Not when we’ve come this far already, and there’s still a chance it can work.

No, what we need right now is a united front.

And if there’s one occasion when my parents can forgive me for attending a party, it’s Halloween.

So long as I behave myself, and don’t get drunk or make a scene, it’ll all be fine.

And hopefully, in the meantime, Blondie and I can put these pesky break-up rumors to rest.

I tug my phone from my pocket and tap the screen, pulling up my chat thread with Blondie as I skip up the steps to Garfield Hall.

Our last two messages glare at me, and though they’re no tonally different from our other texts, I can’t help second-guessing if that kiss yesterday ruined the dynamic between us.

Me

Are we still on for tonight? Where should I meet you? I can swing by at 9

Blondie

Garfield Hall. Room 237

Blondie has always been rather direct with me, but there was something so…blunt about her answer. Well, more blunt than usual. I’m probably imagining it. And if I’m not—if she is pissed at me for…I don’t know, kissing her back?—well, then things are about to get a whole lot more awkward.

I yank open the door to the building and make my way up the necessary two flights of stairs to reach Room 237, as instructed.

Returning my phone to my pocket, I straighten my back and, bracing myself, rap my knuckles sharply on the door.

Beyond it, I hear the muffled cadence of voices, followed by a chorus of laughter, which bodes well for whatever mood I’m likely to find Blondie in.

My heart thumps hard against my rib cage when the door opens a moment later, but it isn’t my fake girlfriend who answers.

“Damian,” Ronnie says, scowling at me from the other side of the threshold.

Right.
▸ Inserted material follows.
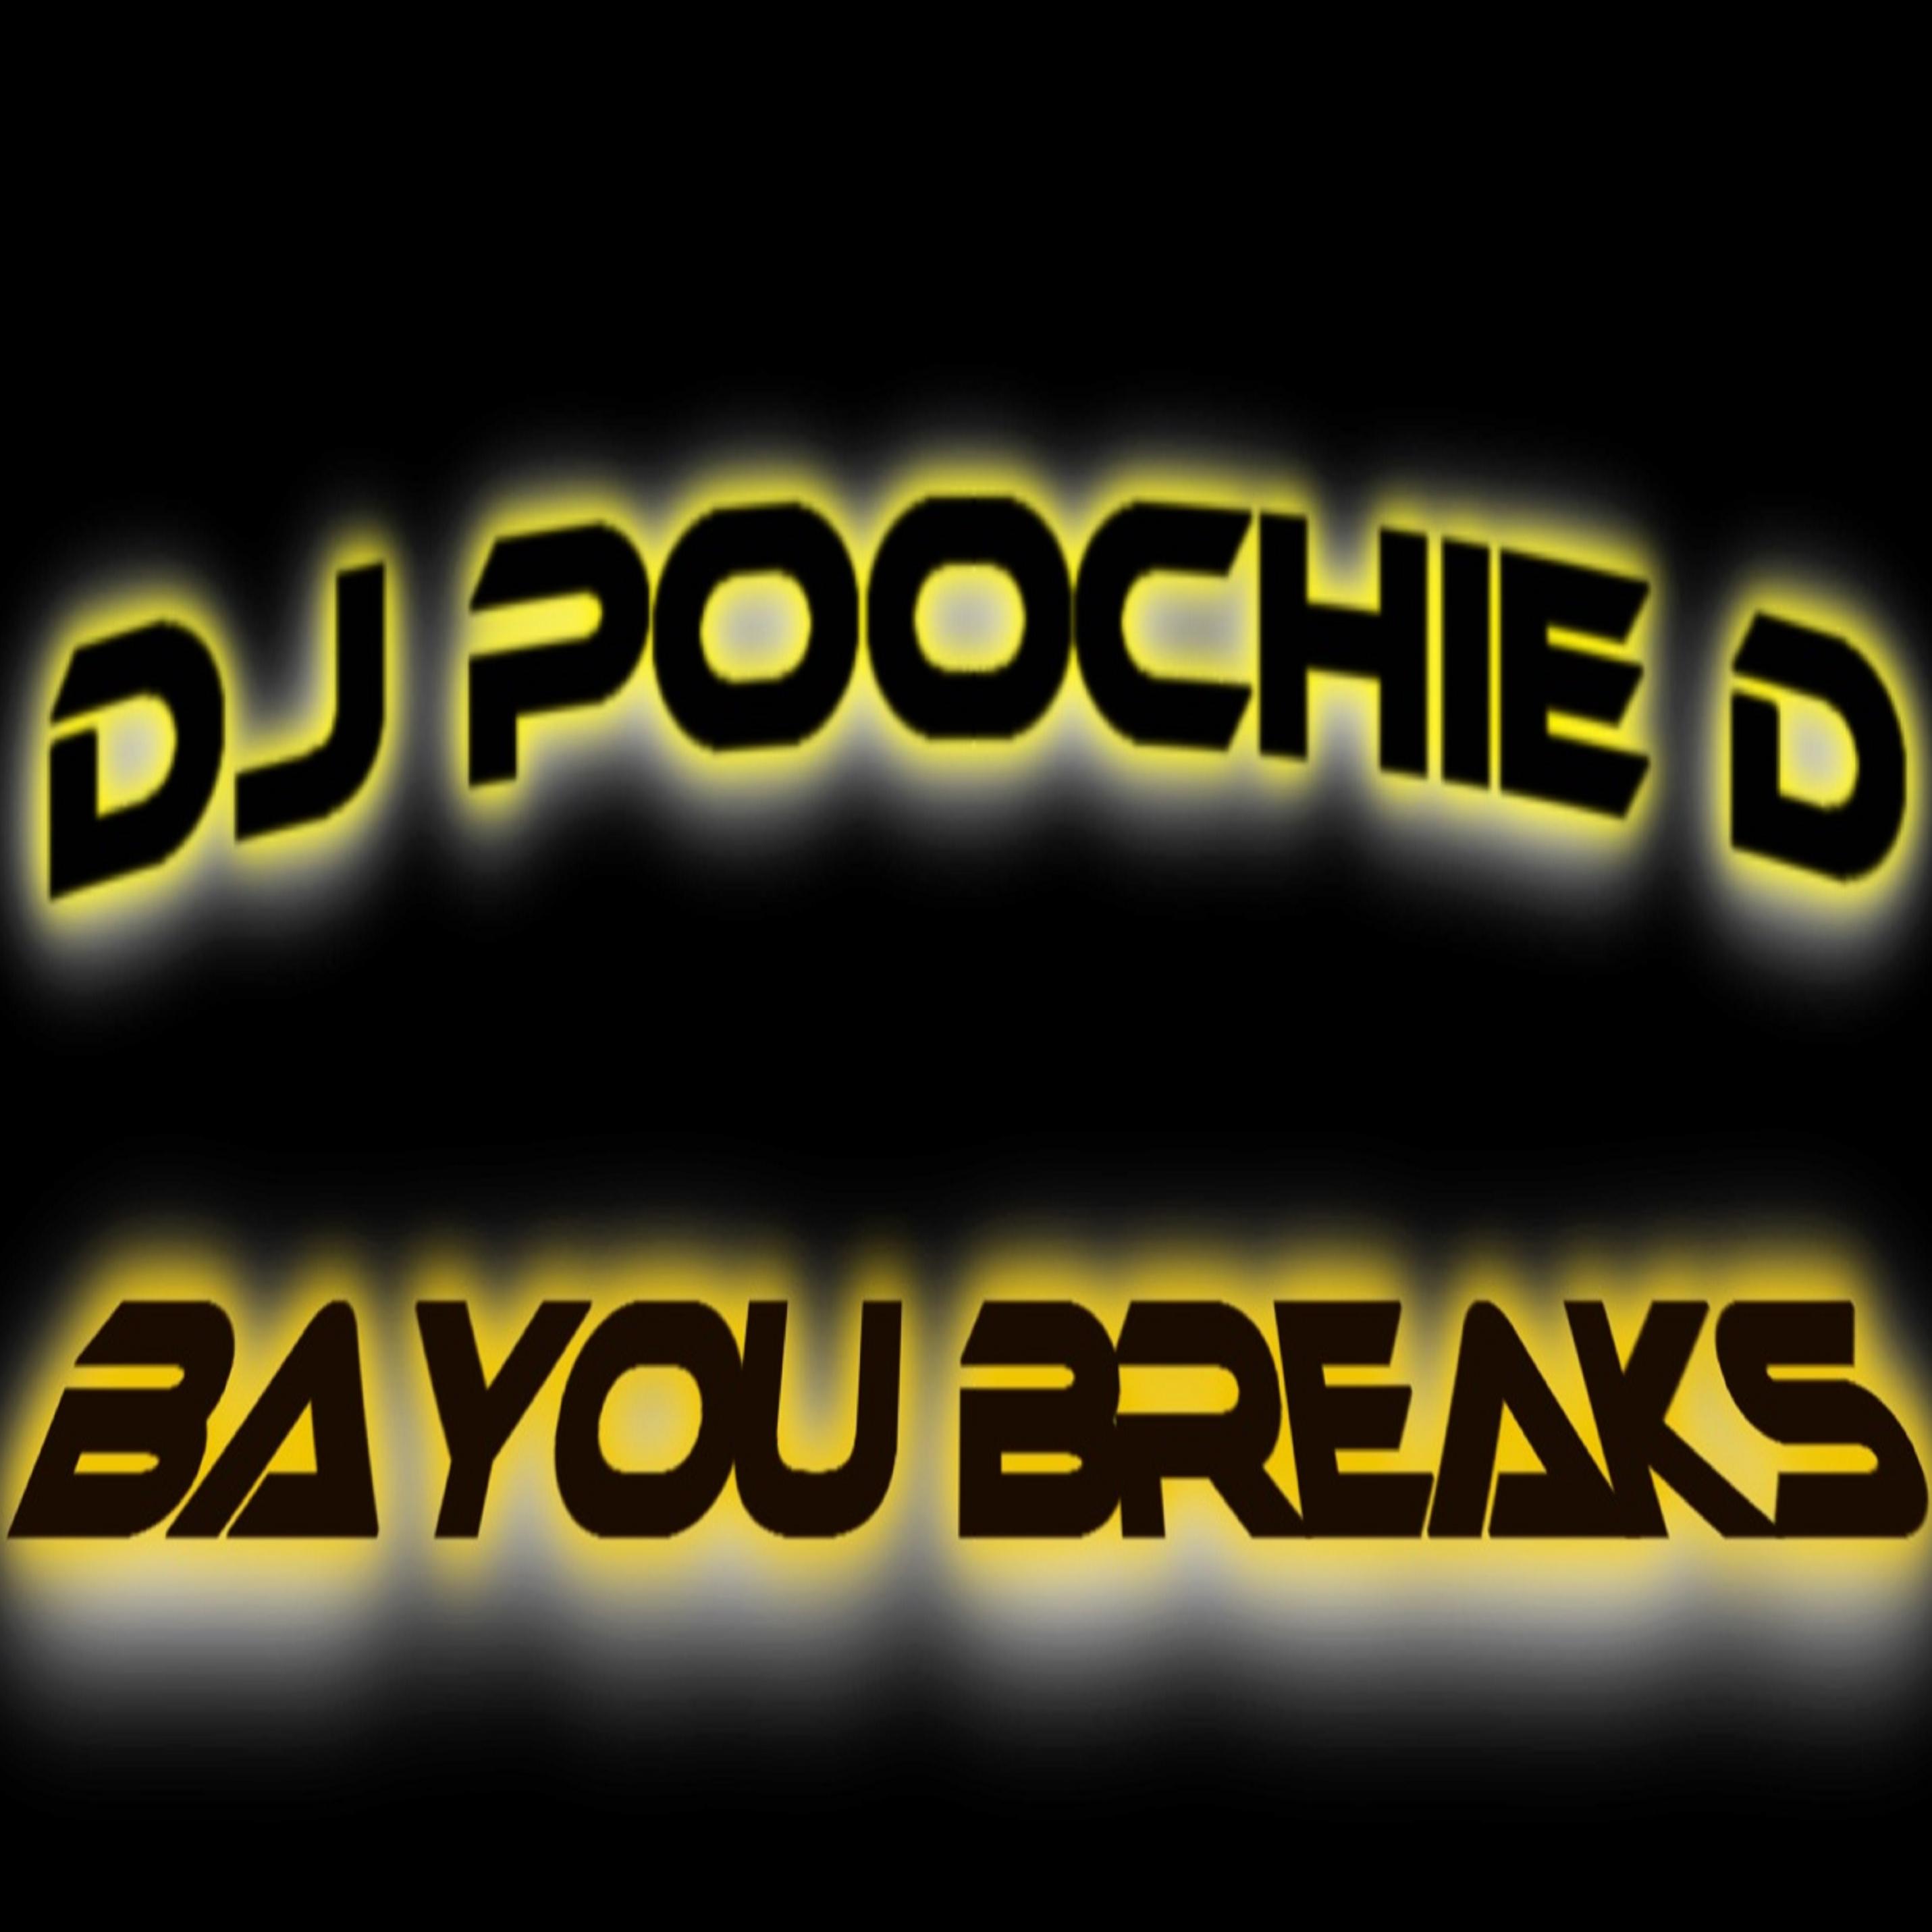 Bayou Breaks

I forgot. Blondie doesn’t live on campus, so that must mean this is Ronnie’s room.

“Well, hi there, Red.” I grip the rim of my oversized hat and tip it forward in greeting.

As I push it back into place, my eyes dip, noting the shiny fire-engine red platform boots and the minuscule Union Jack mini-dress that’s barely long enough to protect her from an indecent exposure charge.

“Nice costume. What are you supposed to be, some kind of British wet dream?”